Topic: how much should I worry about alignment on x86?


Jake Goulding (Jul 28 2019 at 17:43, on Zulip):

XXHash (and thus twox-hash) derives a large part of its speed from treating &[u8] as &[u64] (or &[u32]). I recently rewrote it to take advantage of slice::align_to, which made the code much nicer (hooray!). However, it also tanked the performance for unaligned input data (e.g. 10.5 Gb/sec -> 4.5 Gb/sec).

Would it be (a) correct and (b) memory safe to ignore this alignment on X86 / X86_64 only, falling back to the align_to version on other platforms?

RalfJ (Jul 28 2019 at 18:05, on Zulip):

Doing an unaligned load is UB in Rust no matter the target architecture

RalfJ (Jul 28 2019 at 18:06, on Zulip):

we set the appropriate attributes so LLVM will optimize assuming pointers are aligned

RalfJ (Jul 28 2019 at 18:06, on Zulip):

I don't know exactly what this entails, @rkruppe would likely know more -- but for now, the answer to your question is "no" on both accounts

RalfJ (Jul 28 2019 at 18:07, on Zulip):

are you saying that XXHash/twox-hash currently performs such unaligned loads?
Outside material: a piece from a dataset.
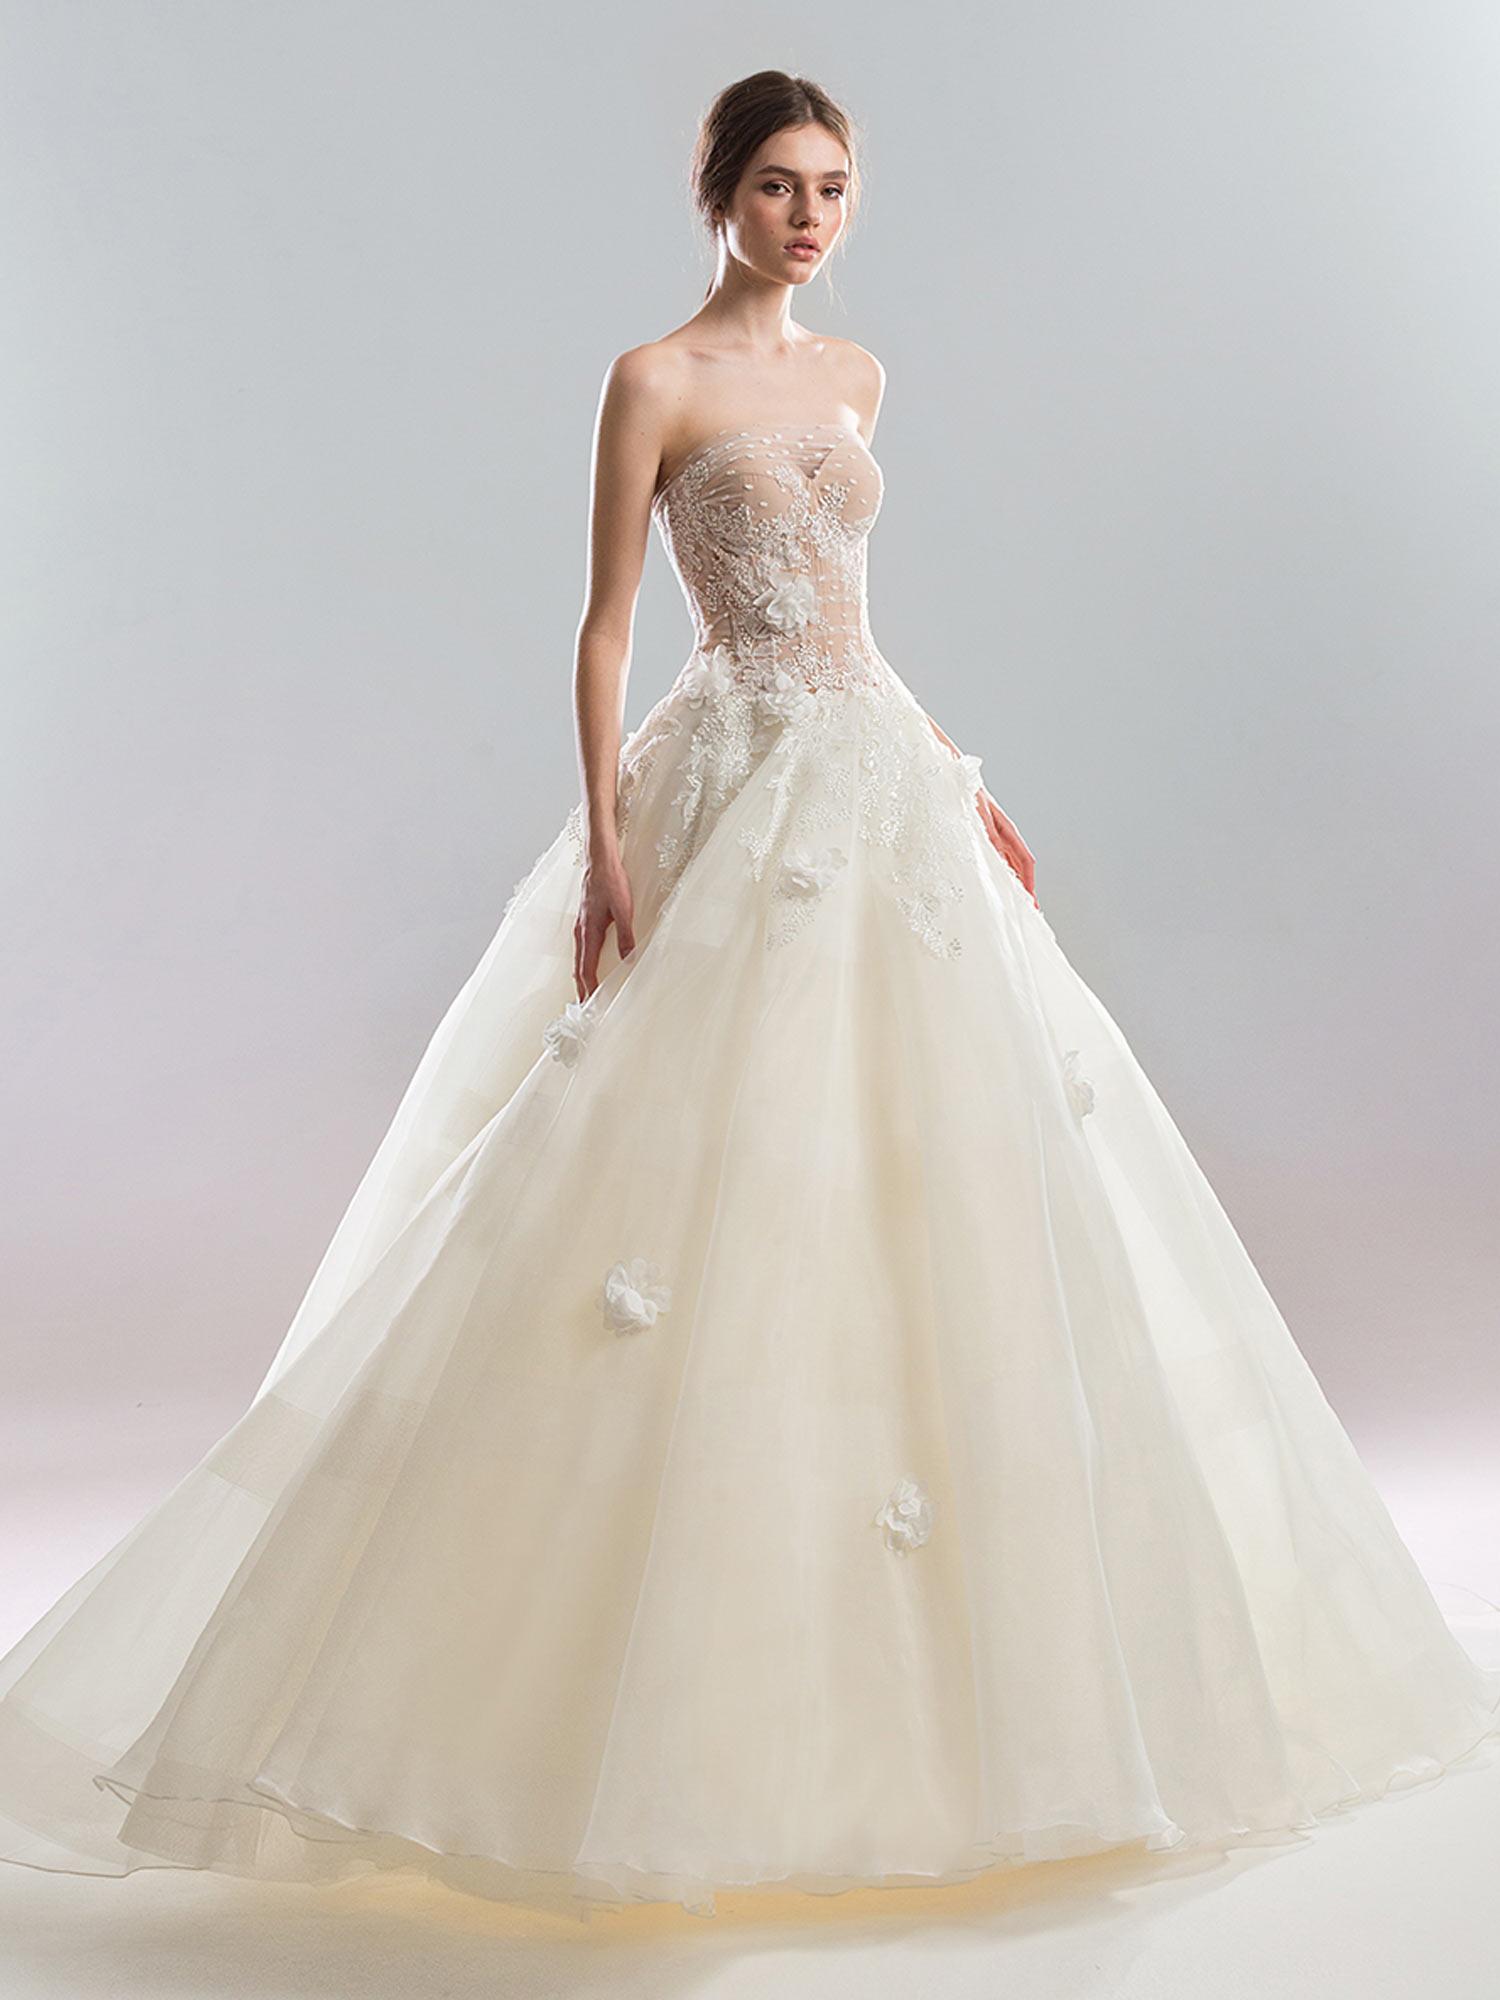 Elegant Ball Gowns | DressedUpGirl.com
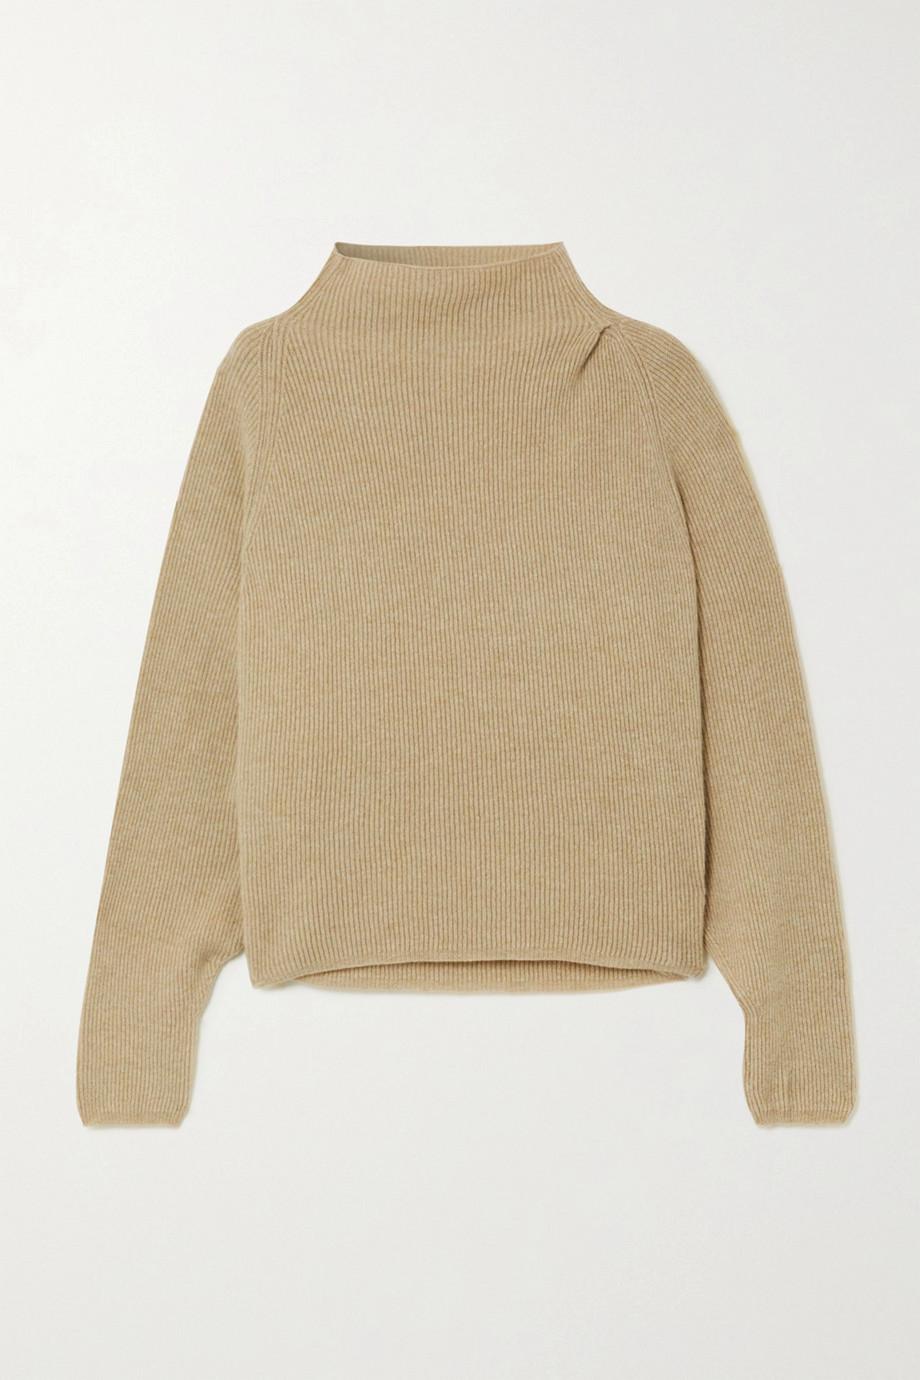 Petar Petrov Karoll ribbed cashmere sweater

Or why did things get slowed with align_to?

rkruppe (Jul 28 2019 at 18:17, on Zulip):

Using ptr::read_unaligned instead of references/normal accesses is necessary to the avoid UB Ralf mentioned. That will kill some generic peephole optimizations which probably aren't important for this kind of code, and for x86 it shouldn't influence the final machine code (except the trivial movaps -> movups if any SIMD is introduced).

RalfJ (Jul 28 2019 at 18:18, on Zulip):

@rkruppe I guess one question here is how costly it would be to make the "unaligned deref is UB" be a target-dependent property and not require this for x86

rkruppe (Jul 28 2019 at 18:19, on Zulip):

Making it target-dependent would be pretty gross

RalfJ (Jul 28 2019 at 18:24, on Zulip):

fair. I am asking mostly because I saw code in the wild in rust-lang crates (rand) that assumed it actually was target-dependent... so this is likely a common misconception.

rkruppe (Jul 28 2019 at 18:25, on Zulip):

I've been thinking about this for a couple minutes and none of my concerns are about LLVM optimizations (well, except one which is presumably temporary and avoidable)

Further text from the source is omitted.